**EXERCISE**: Set the whole listing down again without deviation.

**EXERCISE MATERIALS**:
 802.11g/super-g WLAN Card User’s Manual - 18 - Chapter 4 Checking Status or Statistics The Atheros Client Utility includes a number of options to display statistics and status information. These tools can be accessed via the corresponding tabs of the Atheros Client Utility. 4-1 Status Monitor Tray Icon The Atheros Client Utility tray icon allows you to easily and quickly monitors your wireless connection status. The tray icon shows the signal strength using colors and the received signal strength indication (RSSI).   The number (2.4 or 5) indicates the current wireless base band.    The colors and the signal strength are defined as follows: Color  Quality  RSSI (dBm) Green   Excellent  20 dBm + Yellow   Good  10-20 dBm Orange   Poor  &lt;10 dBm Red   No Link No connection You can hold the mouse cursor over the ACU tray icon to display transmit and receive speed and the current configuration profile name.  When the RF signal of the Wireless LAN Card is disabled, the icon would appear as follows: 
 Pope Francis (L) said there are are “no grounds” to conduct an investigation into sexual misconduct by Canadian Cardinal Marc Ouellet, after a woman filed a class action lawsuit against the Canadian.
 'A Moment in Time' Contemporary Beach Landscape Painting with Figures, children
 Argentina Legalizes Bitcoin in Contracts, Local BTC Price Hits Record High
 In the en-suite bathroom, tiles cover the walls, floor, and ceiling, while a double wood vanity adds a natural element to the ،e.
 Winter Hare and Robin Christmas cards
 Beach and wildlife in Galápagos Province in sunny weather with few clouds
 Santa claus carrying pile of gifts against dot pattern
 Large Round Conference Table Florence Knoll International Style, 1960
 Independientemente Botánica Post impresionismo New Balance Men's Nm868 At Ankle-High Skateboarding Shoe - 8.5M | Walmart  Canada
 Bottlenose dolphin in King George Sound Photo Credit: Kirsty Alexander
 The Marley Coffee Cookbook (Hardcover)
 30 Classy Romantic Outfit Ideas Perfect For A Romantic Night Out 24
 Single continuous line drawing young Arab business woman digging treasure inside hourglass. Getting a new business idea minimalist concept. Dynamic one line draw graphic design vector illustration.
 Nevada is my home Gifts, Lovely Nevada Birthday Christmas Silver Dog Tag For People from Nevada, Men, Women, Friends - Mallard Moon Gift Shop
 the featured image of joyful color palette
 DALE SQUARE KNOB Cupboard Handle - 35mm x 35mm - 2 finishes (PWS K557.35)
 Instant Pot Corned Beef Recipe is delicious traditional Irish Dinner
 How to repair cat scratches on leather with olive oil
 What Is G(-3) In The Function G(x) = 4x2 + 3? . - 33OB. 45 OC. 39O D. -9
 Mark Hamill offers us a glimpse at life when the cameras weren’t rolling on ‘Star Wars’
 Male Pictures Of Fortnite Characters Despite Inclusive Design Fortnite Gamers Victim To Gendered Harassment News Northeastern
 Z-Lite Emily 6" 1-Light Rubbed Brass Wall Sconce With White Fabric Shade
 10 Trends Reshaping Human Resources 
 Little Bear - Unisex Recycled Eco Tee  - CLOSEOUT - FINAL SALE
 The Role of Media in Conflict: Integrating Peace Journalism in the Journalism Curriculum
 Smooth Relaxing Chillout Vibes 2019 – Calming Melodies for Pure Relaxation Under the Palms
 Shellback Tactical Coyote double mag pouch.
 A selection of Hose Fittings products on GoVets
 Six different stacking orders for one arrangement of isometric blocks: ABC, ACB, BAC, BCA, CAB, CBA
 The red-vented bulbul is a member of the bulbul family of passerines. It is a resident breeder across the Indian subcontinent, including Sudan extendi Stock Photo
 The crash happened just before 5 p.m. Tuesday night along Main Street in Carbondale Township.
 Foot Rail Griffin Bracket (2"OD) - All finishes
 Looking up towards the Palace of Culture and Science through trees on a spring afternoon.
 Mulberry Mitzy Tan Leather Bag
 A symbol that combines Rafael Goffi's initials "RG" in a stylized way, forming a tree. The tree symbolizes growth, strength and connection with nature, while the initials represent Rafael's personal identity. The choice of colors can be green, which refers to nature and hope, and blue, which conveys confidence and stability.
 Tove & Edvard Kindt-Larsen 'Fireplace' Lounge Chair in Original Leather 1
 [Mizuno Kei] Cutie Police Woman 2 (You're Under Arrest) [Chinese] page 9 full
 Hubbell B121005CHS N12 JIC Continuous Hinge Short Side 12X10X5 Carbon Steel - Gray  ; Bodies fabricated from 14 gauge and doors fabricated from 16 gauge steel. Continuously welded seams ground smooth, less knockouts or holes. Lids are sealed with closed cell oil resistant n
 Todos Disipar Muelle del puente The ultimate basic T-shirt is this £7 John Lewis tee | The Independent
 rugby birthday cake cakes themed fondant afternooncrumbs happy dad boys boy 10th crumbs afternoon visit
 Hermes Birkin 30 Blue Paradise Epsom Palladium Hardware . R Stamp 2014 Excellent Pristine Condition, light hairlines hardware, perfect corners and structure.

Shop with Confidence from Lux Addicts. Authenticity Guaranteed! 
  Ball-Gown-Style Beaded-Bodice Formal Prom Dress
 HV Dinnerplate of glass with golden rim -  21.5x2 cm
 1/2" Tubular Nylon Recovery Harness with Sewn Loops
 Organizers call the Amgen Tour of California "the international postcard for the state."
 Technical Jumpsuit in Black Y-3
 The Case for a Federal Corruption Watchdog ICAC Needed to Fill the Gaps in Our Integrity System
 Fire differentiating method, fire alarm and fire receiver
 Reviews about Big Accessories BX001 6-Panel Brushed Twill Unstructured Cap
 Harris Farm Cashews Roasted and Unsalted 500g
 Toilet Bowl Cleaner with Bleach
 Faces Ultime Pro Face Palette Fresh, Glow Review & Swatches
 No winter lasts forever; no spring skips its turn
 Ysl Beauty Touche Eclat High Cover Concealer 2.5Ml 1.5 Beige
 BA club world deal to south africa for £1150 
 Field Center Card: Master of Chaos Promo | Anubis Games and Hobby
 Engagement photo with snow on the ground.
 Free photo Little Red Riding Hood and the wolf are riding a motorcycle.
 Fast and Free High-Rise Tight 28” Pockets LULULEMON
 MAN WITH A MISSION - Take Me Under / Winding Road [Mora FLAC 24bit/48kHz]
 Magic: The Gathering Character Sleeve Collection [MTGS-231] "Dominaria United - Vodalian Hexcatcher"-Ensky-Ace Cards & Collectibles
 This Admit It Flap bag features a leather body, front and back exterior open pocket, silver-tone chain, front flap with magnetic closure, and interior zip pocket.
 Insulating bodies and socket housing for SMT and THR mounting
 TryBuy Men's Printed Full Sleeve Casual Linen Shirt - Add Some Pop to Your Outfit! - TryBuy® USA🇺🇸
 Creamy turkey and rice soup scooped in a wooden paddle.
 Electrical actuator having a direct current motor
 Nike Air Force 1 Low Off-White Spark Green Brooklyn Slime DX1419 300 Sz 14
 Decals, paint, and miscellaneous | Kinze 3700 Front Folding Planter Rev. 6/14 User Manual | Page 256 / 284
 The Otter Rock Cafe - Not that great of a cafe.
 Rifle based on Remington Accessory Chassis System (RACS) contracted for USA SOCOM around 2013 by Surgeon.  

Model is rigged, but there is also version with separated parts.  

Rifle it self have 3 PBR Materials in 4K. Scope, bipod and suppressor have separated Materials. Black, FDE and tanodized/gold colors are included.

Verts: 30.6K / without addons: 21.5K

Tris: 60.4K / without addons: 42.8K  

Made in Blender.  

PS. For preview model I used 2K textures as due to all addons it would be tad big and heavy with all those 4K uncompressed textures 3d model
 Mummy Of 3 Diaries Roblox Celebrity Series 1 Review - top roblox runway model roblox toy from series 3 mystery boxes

**EXERCISE SOLUTION**:
 802.11g/super-g WLAN Card User’s Manual - 18 - Chapter 4 Checking Status or Statistics The Atheros Client Utility includes a number of options to display statistics and status information. These tools can be accessed via the corresponding tabs of the Atheros Client Utility. 4-1 Status Monitor Tray Icon The Atheros Client Utility tray icon allows you to easily and quickly monitors your wireless connection status. The tray icon shows the signal strength using colors and the received signal strength indication (RSSI).   The number (2.4 or 5) indicates the current wireless base band.    The colors and the signal strength are defined as follows: Color  Quality  RSSI (dBm) Green   Excellent  20 dBm + Yellow   Good  10-20 dBm Orange   Poor  &lt;10 dBm Red   No Link No connection You can hold the mouse cursor over the ACU tray icon to display transmit and receive speed and the current configuration profile name.  When the RF signal of the Wireless LAN Card is disabled, the icon would appear as follows: 
 Pope Francis (L) said there are are “no grounds” to conduct an investigation into sexual misconduct by Canadian Cardinal Marc Ouellet, after a woman filed a class action lawsuit against the Canadian.
 'A Moment in Time' Contemporary Beach Landscape Painting with Figures, children
 Argentina Legalizes Bitcoin in Contracts, Local BTC Price Hits Record High
 In the en-suite bathroom, tiles cover the walls, floor, and ceiling, while a double wood vanity adds a natural element to the ،e.
 Winter Hare and Robin Christmas cards
 Beach and wildlife in Galápagos Province in sunny weather with few clouds
 Santa claus carrying pile of gifts against dot pattern
 Large Round Conference Table Florence Knoll International Style, 1960
 Independientemente Botánica Post impresionismo New Balance Men's Nm868 At Ankle-High Skateboarding Shoe - 8.5M | Walmart  Canada
 Bottlenose dolphin in King George Sound Photo Credit: Kirsty Alexander
 The Marley Coffee Cookbook (Hardcover)
 30 Classy Romantic Outfit Ideas Perfect For A Romantic Night Out 24
 Single continuous line drawing young Arab business woman digging treasure inside hourglass. Getting a new business idea minimalist concept. Dynamic one line draw graphic design vector illustration.
 Nevada is my home Gifts, Lovely Nevada Birthday Christmas Silver Dog Tag For People from Nevada, Men, Women, Friends - Mallard Moon Gift Shop
 the featured image of joyful color palette
 DALE SQUARE KNOB Cupboard Handle - 35mm x 35mm - 2 finishes (PWS K557.35)
 Instant Pot Corned Beef Recipe is delicious traditional Irish Dinner
 How to repair cat scratches on leather with olive oil
 What Is G(-3) In The Function G(x) = 4x2 + 3? . - 33OB. 45 OC. 39O D. -9
 Mark Hamill offers us a glimpse at life when the cameras weren’t rolling on ‘Star Wars’
 Male Pictures Of Fortnite Characters Despite Inclusive Design Fortnite Gamers Victim To Gendered Harassment News Northeastern
 Z-Lite Emily 6" 1-Light Rubbed Brass Wall Sconce With White Fabric Shade
 10 Trends Reshaping Human Resources 
 Little Bear - Unisex Recycled Eco Tee  - CLOSEOUT - FINAL SALE
 The Role of Media in Conflict: Integrating Peace Journalism in the Journalism Curriculum
 Smooth Relaxing Chillout Vibes 2019 – Calming Melodies for Pure Relaxation Under the Palms
 Shellback Tactical Coyote double mag pouch.
 A selection of Hose Fittings products on GoVets
 Six different stacking orders for one arrangement of isometric blocks: ABC, ACB, BAC, BCA, CAB, CBA
 The red-vented bulbul is a member of the bulbul family of passerines. It is a resident breeder across the Indian subcontinent, including Sudan extendi Stock Photo
 The crash happened just before 5 p.m. Tuesday night along Main Street in Carbondale Township.
 Foot Rail Griffin Bracket (2"OD) - All finishes
 Looking up towards the Palace of Culture and Science through trees on a spring afternoon.
 Mulberry Mitzy Tan Leather Bag
 A symbol that combines Rafael Goffi's initials "RG" in a stylized way, forming a tree. The tree symbolizes growth, strength and connection with nature, while the initials represent Rafael's personal identity. The choice of colors can be green, which refers to nature and hope, and blue, which conveys confidence and stability.
 Tove & Edvard Kindt-Larsen 'Fireplace' Lounge Chair in Original Leather 1
 [Mizuno Kei] Cutie Police Woman 2 (You're Under Arrest) [Chinese] page 9 full
 Hubbell B121005CHS N12 JIC Continuous Hinge Short Side 12X10X5 Carbon Steel - Gray  ; Bodies fabricated from 14 gauge and doors fabricated from 16 gauge steel. Continuously welded seams ground smooth, less knockouts or holes. Lids are sealed with closed cell oil resistant n
 Todos Disipar Muelle del puente The ultimate basic T-shirt is this £7 John Lewis tee | The Independent
 rugby birthday cake cakes themed fondant afternooncrumbs happy dad boys boy 10th crumbs afternoon visit
 Hermes Birkin 30 Blue Paradise Epsom Palladium Hardware . R Stamp 2014 Excellent Pristine Condition, light hairlines hardware, perfect corners and structure.

Shop with Confidence from Lux Addicts. Authenticity Guaranteed! 
  Ball-Gown-Style Beaded-Bodice Formal Prom Dress
 HV Dinnerplate of glass with golden rim -  21.5x2 cm
 1/2" Tubular Nylon Recovery Harness with Sewn Loops
 Organizers call the Amgen Tour of California "the international postcard for the state."
 Technical Jumpsuit in Black Y-3
 The Case for a Federal Corruption Watchdog ICAC Needed to Fill the Gaps in Our Integrity System
 Fire differentiating method, fire alarm and fire receiver
 Reviews about Big Accessories BX001 6-Panel Brushed Twill Unstructured Cap
 Harris Farm Cashews Roasted and Unsalted 500g
 Toilet Bowl Cleaner with Bleach
 Faces Ultime Pro Face Palette Fresh, Glow Review & Swatches
 No winter lasts forever; no spring skips its turn
 Ysl Beauty Touche Eclat High Cover Concealer 2.5Ml 1.5 Beige
 BA club world deal to south africa for £1150 
 Field Center Card: Master of Chaos Promo | Anubis Games and Hobby
 Engagement photo with snow on the ground.
 Free photo Little Red Riding Hood and the wolf are riding a motorcycle.
 Fast and Free High-Rise Tight 28” Pockets LULULEMON
 MAN WITH A MISSION - Take Me Under / Winding Road [Mora FLAC 24bit/48kHz]
 Magic: The Gathering Character Sleeve Collection [MTGS-231] "Dominaria United - Vodalian Hexcatcher"-Ensky-Ace Cards & Collectibles
 This Admit It Flap bag features a leather body, front and back exterior open pocket, silver-tone chain, front flap with magnetic closure, and interior zip pocket.
 Insulating bodies and socket housing for SMT and THR mounting
 TryBuy Men's Printed Full Sleeve Casual Linen Shirt - Add Some Pop to Your Outfit! - TryBuy® USA🇺🇸
 Creamy turkey and rice soup scooped in a wooden paddle.
 Electrical actuator having a direct current motor
 Nike Air Force 1 Low Off-White Spark Green Brooklyn Slime DX1419 300 Sz 14
 Decals, paint, and miscellaneous | Kinze 3700 Front Folding Planter Rev. 6/14 User Manual | Page 256 / 284
 The Otter Rock Cafe - Not that great of a cafe.
 Rifle based on Remington Accessory Chassis System (RACS) contracted for USA SOCOM around 2013 by Surgeon.  

Model is rigged, but there is also version with separated parts.  

Rifle it self have 3 PBR Materials in 4K. Scope, bipod and suppressor have separated Materials. Black, FDE and tanodized/gold colors are included.

Verts: 30.6K / without addons: 21.5K

Tris: 60.4K / without addons: 42.8K  

Made in Blender.  

PS. For preview model I used 2K textures as due to all addons it would be tad big and heavy with all those 4K uncompressed textures 3d model
 Mummy Of 3 Diaries Roblox Celebrity Series 1 Review - top roblox runway model roblox toy from series 3 mystery boxes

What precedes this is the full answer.